Tari tercengang sejenak membaca pesan Tara. 'Tara ingin bertemu bunda? Kami bahkan belum resmi pacaran. Tara benar-benar berubah, yang semula enggan menjalin hubungan, lalu bersedia menjalani masa percobaan, ia juga bersedia menemui bunda, dan semua itu terjadi hanya dalam waktu lima hari? Oh my God.'


^^^Tentu aja. Temui kami sebelum jam 18.00 di Mall taman anggrek.^^^


Tari tersenyum senang, ia menaruh kembali handphonenya di atas meja kerjanya, kemudian ia menghabiskan bakmi hotplate buatan Caira yang di pesan Tara khusus untuk Tari.



Pukul 17.00 Tari bersiap dan melangkah keluar dari ruang kerjanya, ia langsung menghampiri Caira yang masih di dapur memberikan arahan kepada juru masak cafe.


Tari mengacungkan handphonenya ke arah Caira. "Dia ingin bertemu bundaku."


"Siapa?"


"Tara."


"Hah? Kakakku?" Caira mengeluarkan ekspresi terkejut mendengar kakaknya ingin bertemu dengan orang tua Tari.


Tari mengangguk. "Iya kakakmu, ingin bertemu dengan bundaku."

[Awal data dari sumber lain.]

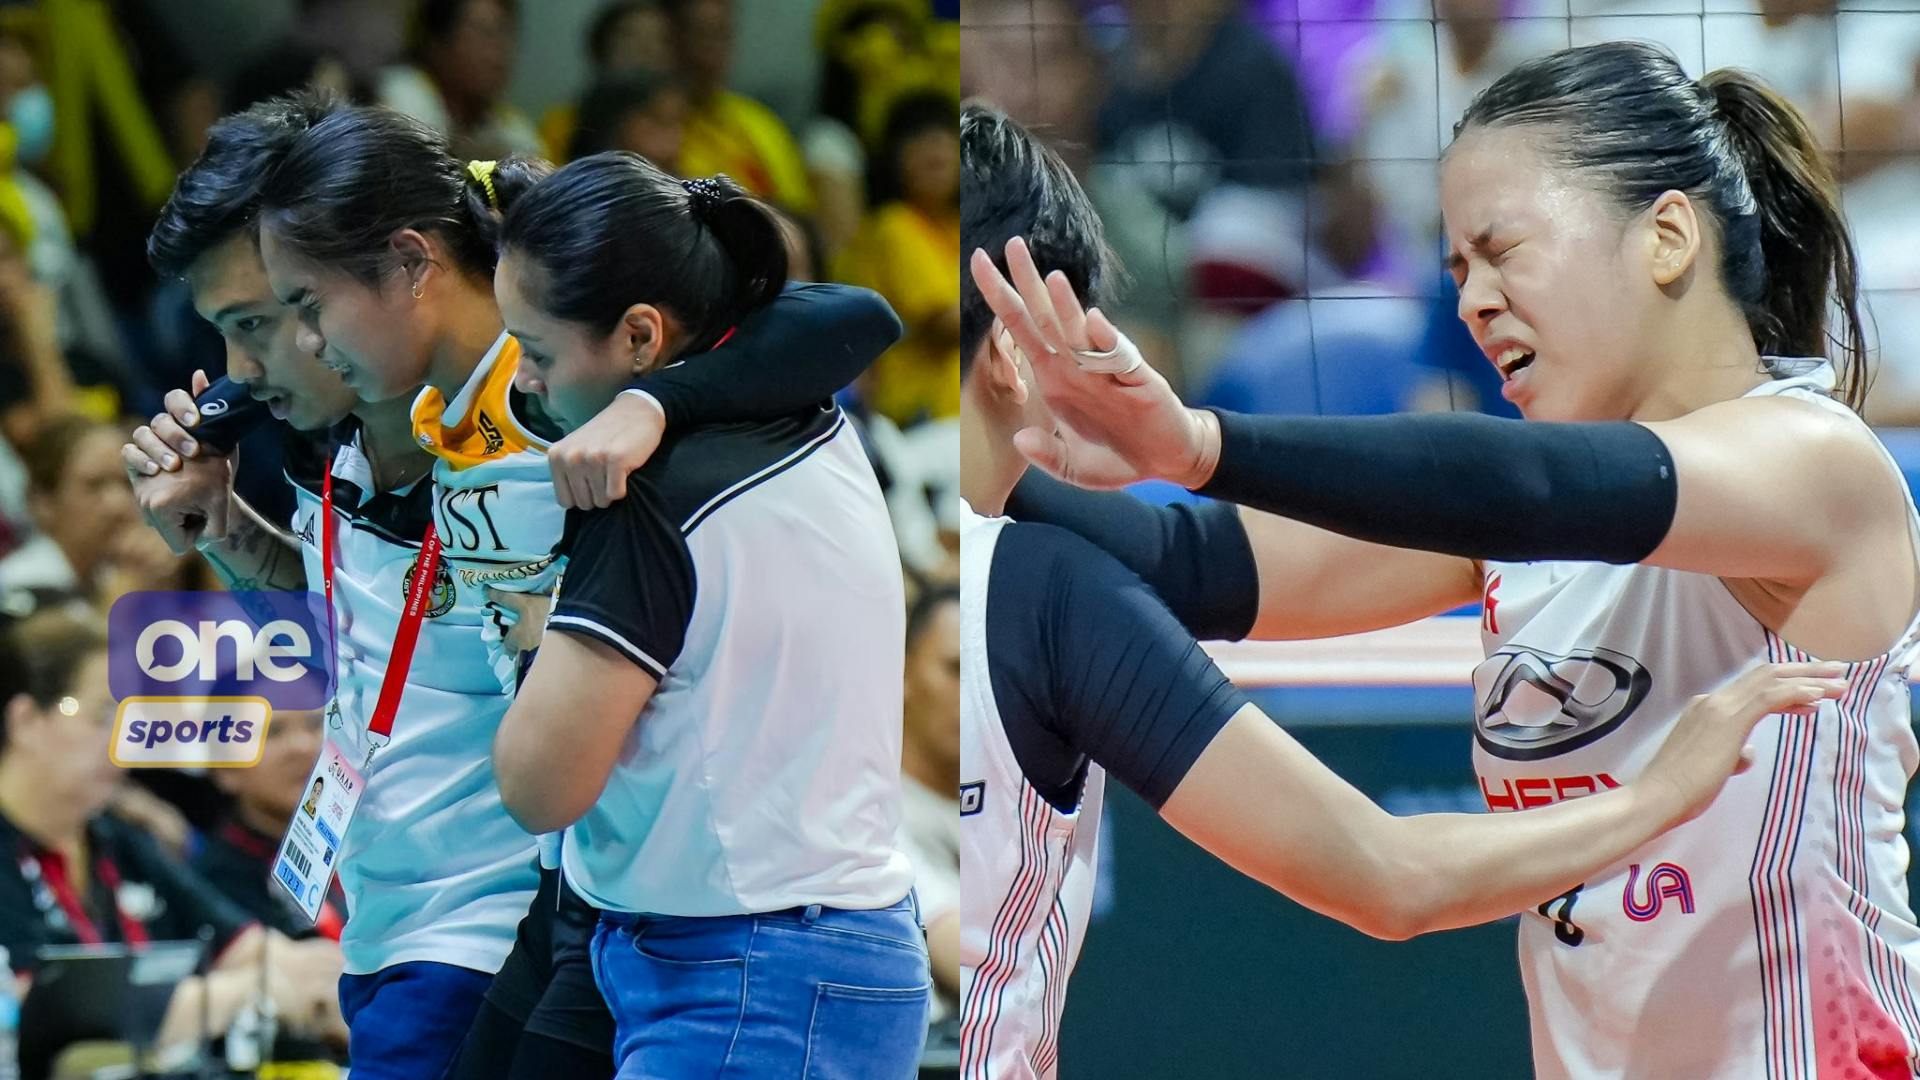 "Flash back" | Eya Laure turns emotional over UST rookie Angge Poyos’ injury in UAAP Game 1 Finals

Caira menyambar handphone Tari dan membaca pesan-pesannya. "Ini aneh sekali."


Tari mengambil handphonenya kembali dari tangan Caira. "Aku harap kau mendukung hubungan kami."


Caira tertawa dan berkata, " Sebentar!! Ini yang sedang kita bicarakan Btara Langit Xabiru? Sepanjang sejarah dia belum pernah sama sekali menemui orang tua gadis mana pun."

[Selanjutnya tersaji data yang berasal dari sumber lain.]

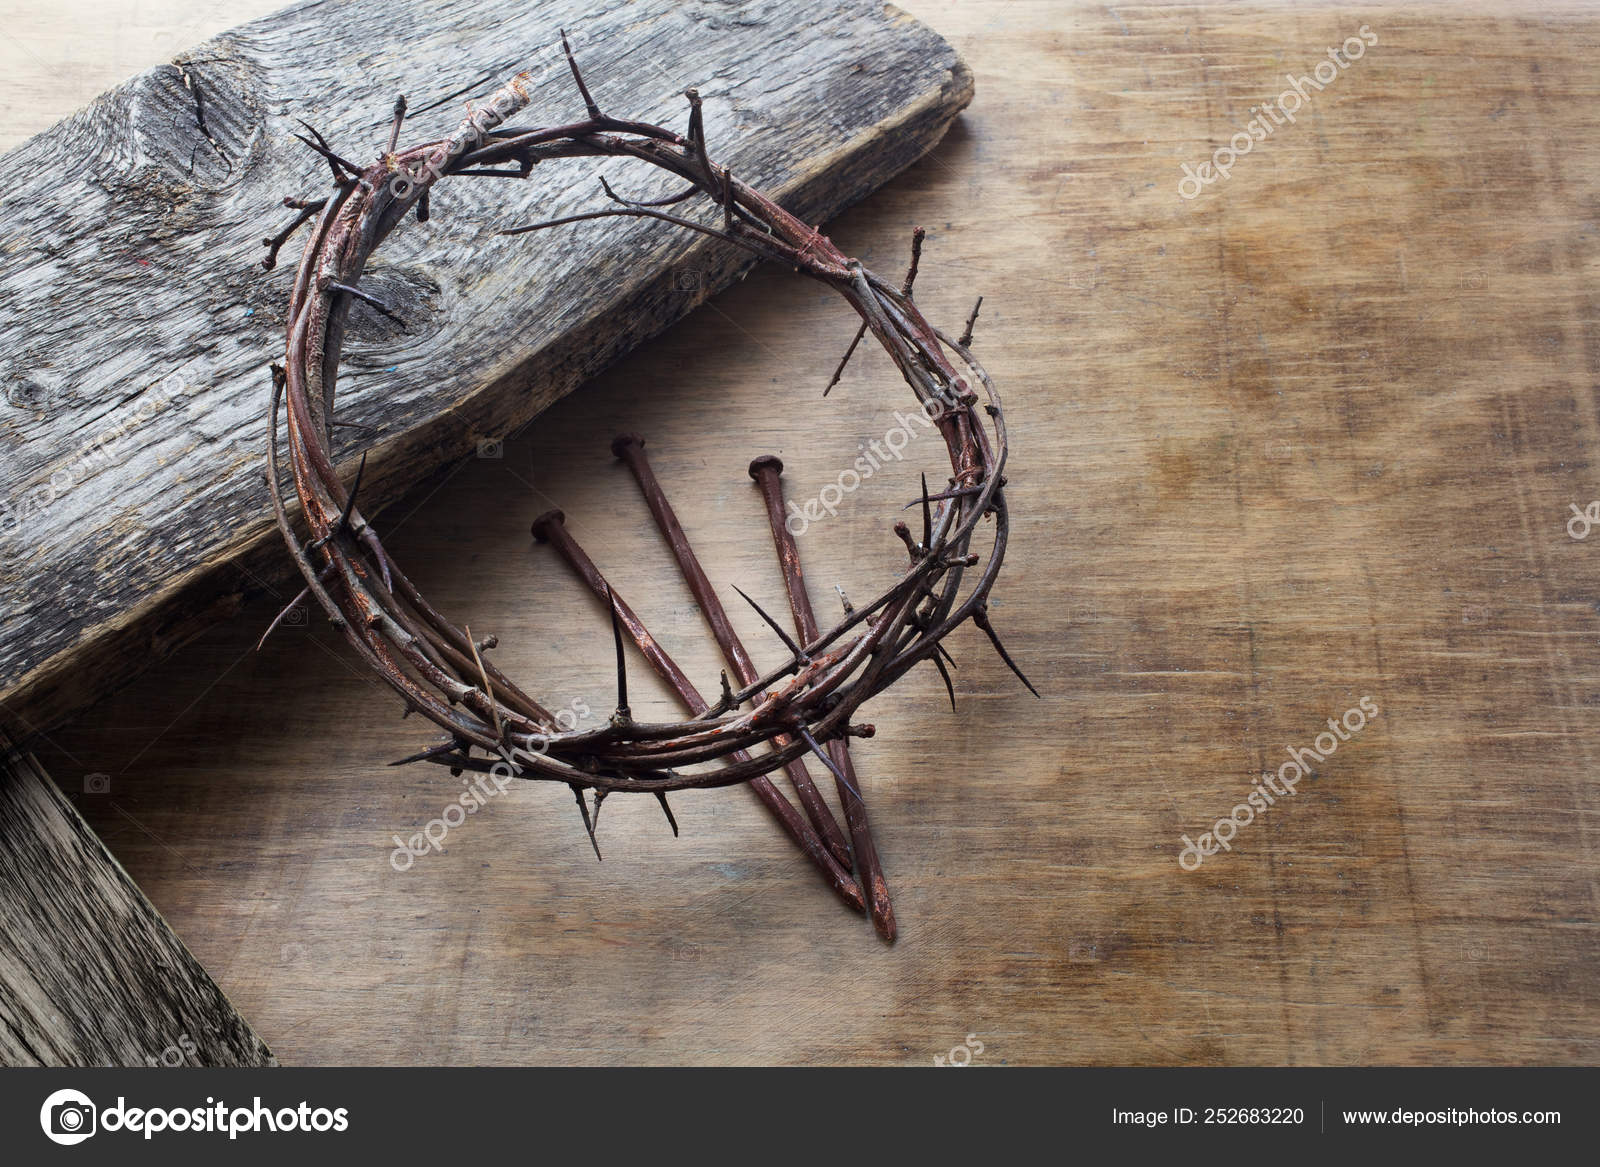 Crown Thorns Nails Wooden Mallet Over Stock Photo 352896224 | Shutterstock

Mendengar ucapan Caira, tentu saja membuat Tari tersenyum bahagia. "Kakakmu pasti sangat menyukaiku," ucap Tari dengan nada bercanda. Tari kembali menatap Caira, awalnya ia menyangka jika Caira akan tertawa, namun raut wajahanya justru serius dan muram.


"Mungkin," ia mencuci tangannya, kemudian beralih ke juru masak. "Ini hanya tinggal nunggu dagingnya empuk, setelah itu koreksi rasa baru di sajikan."

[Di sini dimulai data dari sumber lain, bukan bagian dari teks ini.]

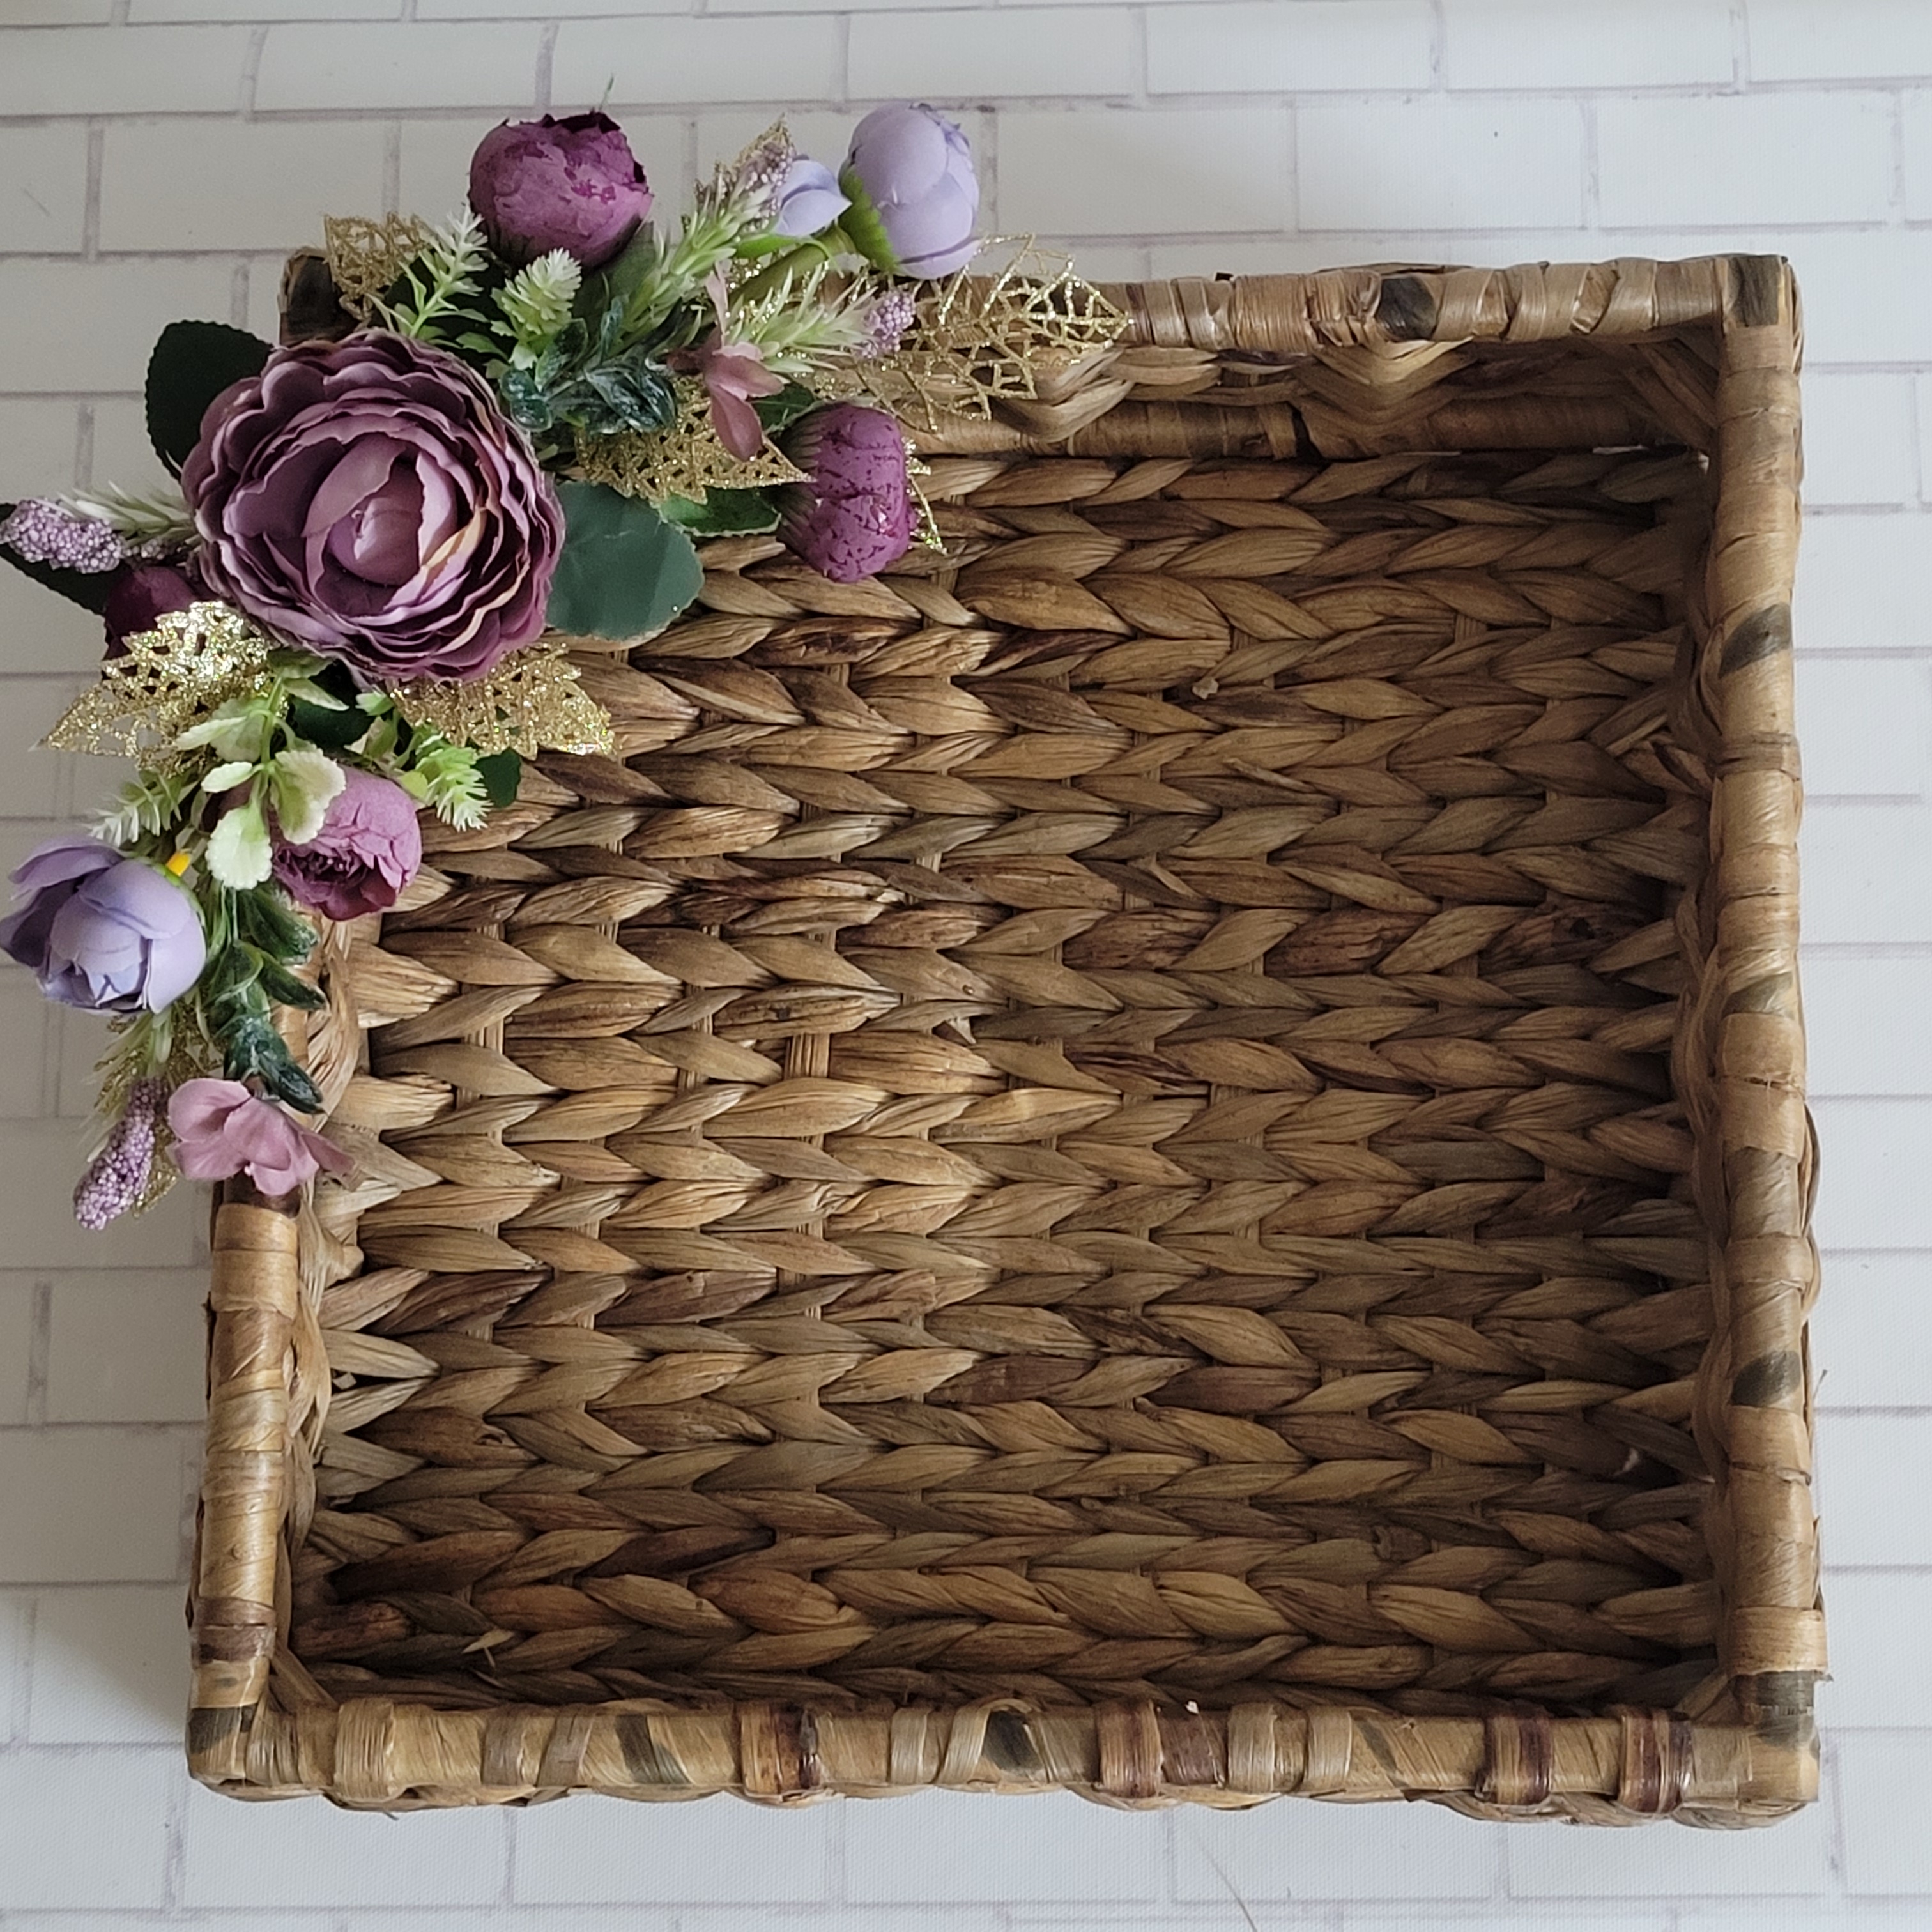 Floral Cane Square Tray

"Aku pulang duluan ya, Gala mengajakku keluar. Jangan lupa ceritakan hasil pertemuan kakakku dengan orang tuamu padaku, oke?" Caira menepuk bahu Tari kemudian ia berlalu meninggalkan Tari.


Tari resah karena Caira tidak tampak gembira dengan hubungannya bersama Tara, ia jadi penasaran apakah alasannya karena dirinya atau karena kakaknya.


Setelah Caira pergi, Tari pun pergi meninggalkan cafenya. Namun sebelum pergi tak lupa ia menitipkan cafenya kepada orang kepercayaannya dan meminta untuk menghubunginya jika terjadi masalah.


Tari berjalan menuju mobilnya, seketika langkahnya terhenti saat melihat seseorang bersandar di mobilnya. Butuh waktu sejenak bagi Tari untuk mengenali Tara, karena Tara menghadap ke belakang, dan berbicara pada handphonenya.


Tari fikir Tara akan akan menemuinya di mall, namun ternyata ia datang ke cafe. Klakson mobil Tari berbunyi saat Tari menekan tombol Unlock, dan Tara membalik badannya. Tara tersenyum lebar sewaktu melihat Tari. "Ya aku setuju, kita meyewa alat berat di perusahaan itu," ucapnya di telepon. Tara merangkul bahu Tari dan menariknya merapat, mengecup ubun-ubun Tari. "Kita bicarakkan saat meeting besok pagi," ucapnya. "Ada hal penting yang harus aku kerjakan."


Tara menutup teleponnya dan memasukannya ke saku, lalu mengecup bibir Tari, ia juga memeluk Tari dengan erat hingga tubuh Tari bersandar ke mobil.


Tara menarik diri, ia memandangi Tari dengan kagum. "Kau membuatku tergila-gila."


Tari tersenyum kemudian membuka pintu mobilnya. "Kita pakai mobil sendiri-sendiri?" tanya Tari.


Tara membentangkan pintu mobil lebih lebar. "Mobilku sedang ada sekit masalah, tadi sopirku membawanya ke bengkel, kita naik mobilmu saja."